As I mentioned I broke up the over 1,000 photos I took on the recent trip to Rocky Mountain National Park into folders identified by subject, mainly to help with organizing as I work through editing them. I have the impression that most people don’t edit their digital photos, or only their best ones.
Those of us who are more invested in digital photography do spend a lot of time editing photos. I usually end up editing a given photo at least two or three times, for several reasons. One is that with modern photo editing software there are all kinds of adjustments that can be made, and often changing one means something else needs to be adjusted as a result. Another reason is that, especially in situations with tricky lighting, working on a series of photos taken at nearly the same time and place is helpful. As you get one photo to look the way you want it to, that helps know how to adjust the others in the series.

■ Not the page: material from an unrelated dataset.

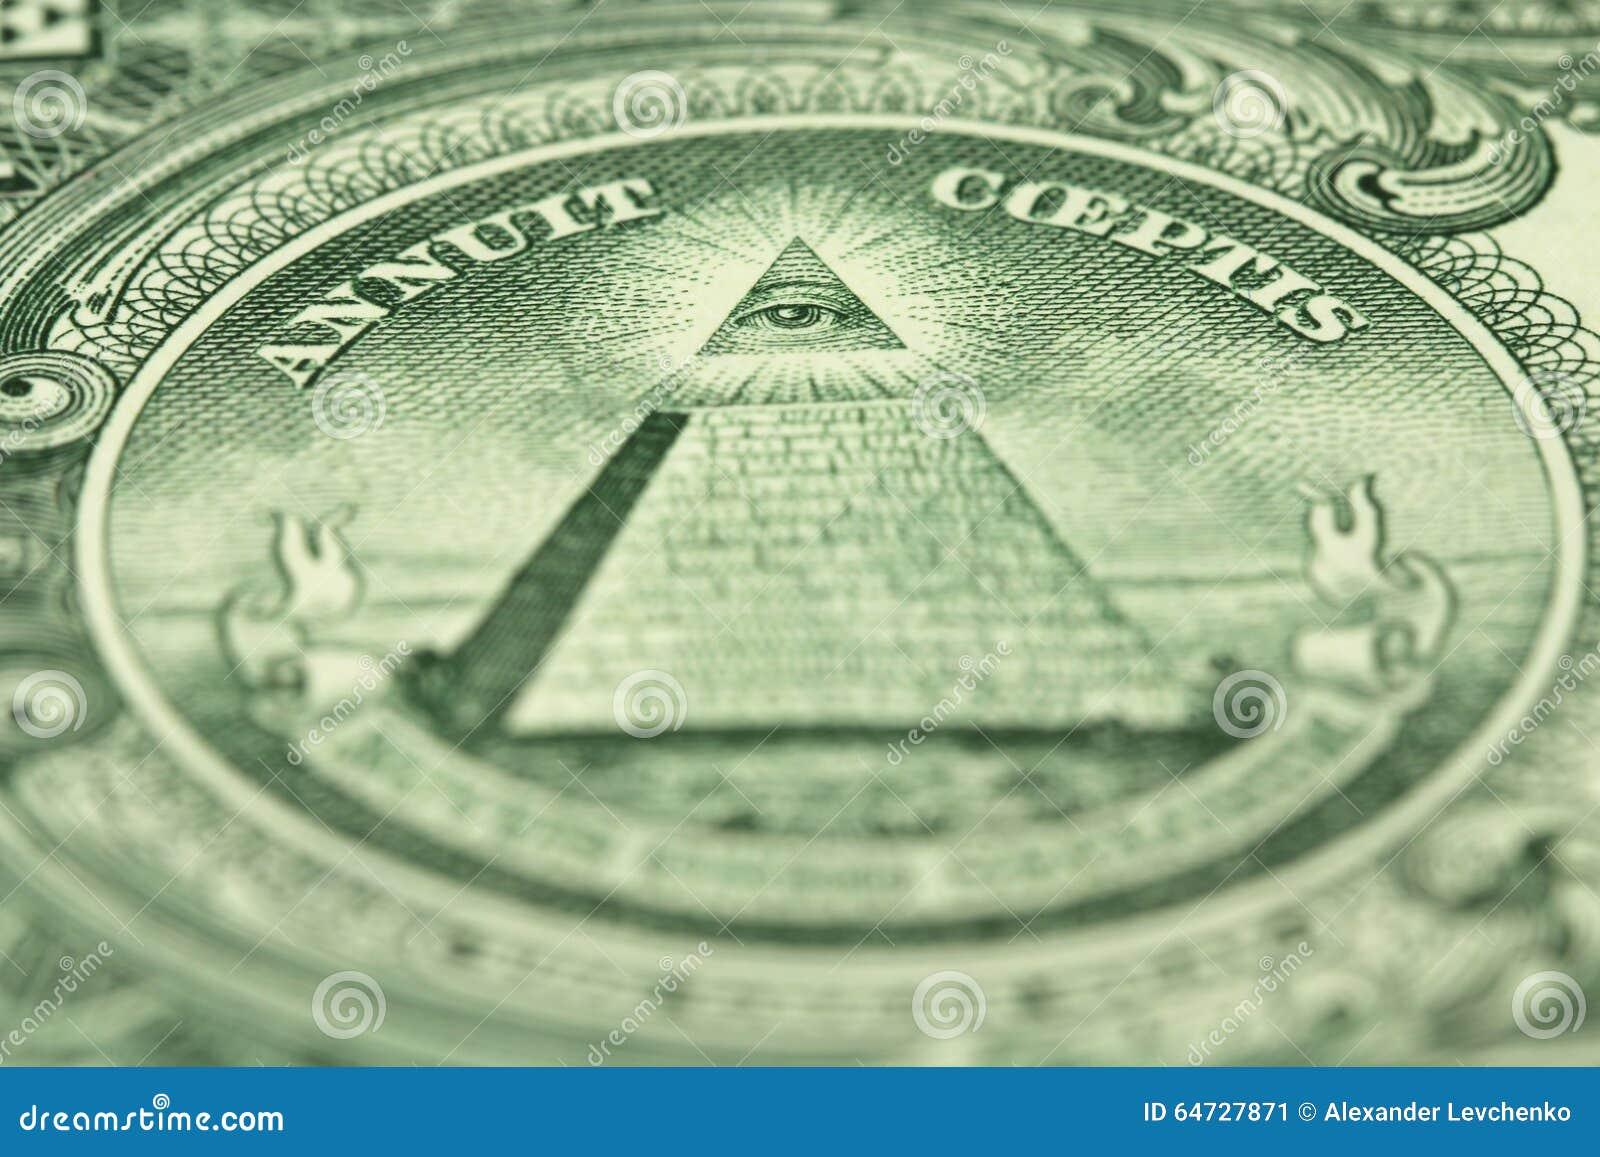 Un frammento di una denominazione di un dollaro americano

The first series of photos were of the flatlands of Iowa, Nebraska and Colorado: http://bitly.com/MidwestFlatlands
This new series is of Big Thompson Canyon, the 25 mile connection between Loveland, Colorado, at the foot of the mountains, and Estes Park, the town at the entrance of Rocky Mountain National Park. These were particularly difficult for a number of reasons. There aren’t that many places to pull off the road, so almost all of these were taken from a moving car (as were most of those from the flatlands series and others). Secondly, in many places the walls are very steep and high, so it is hard to frame the shots, and the lighting can be difficult.
I was disappointed when we approached the canyon entrance because it was a very dark, overcast day. Fortunately, we made a trip into Loveland in the middle of our stay, so I had another chance to take photos as we went up and down the canyon, this time with good lighting. So you can see similar shots with different lighting. I’m still not completely satisfied with every one of them.
There was a tragic flood through the canyon in 1976 when over a foot of rain fell in about three hours, resulting in a dam breaking and a wall of water 20 feet high flooding the canyon, killing 143 people.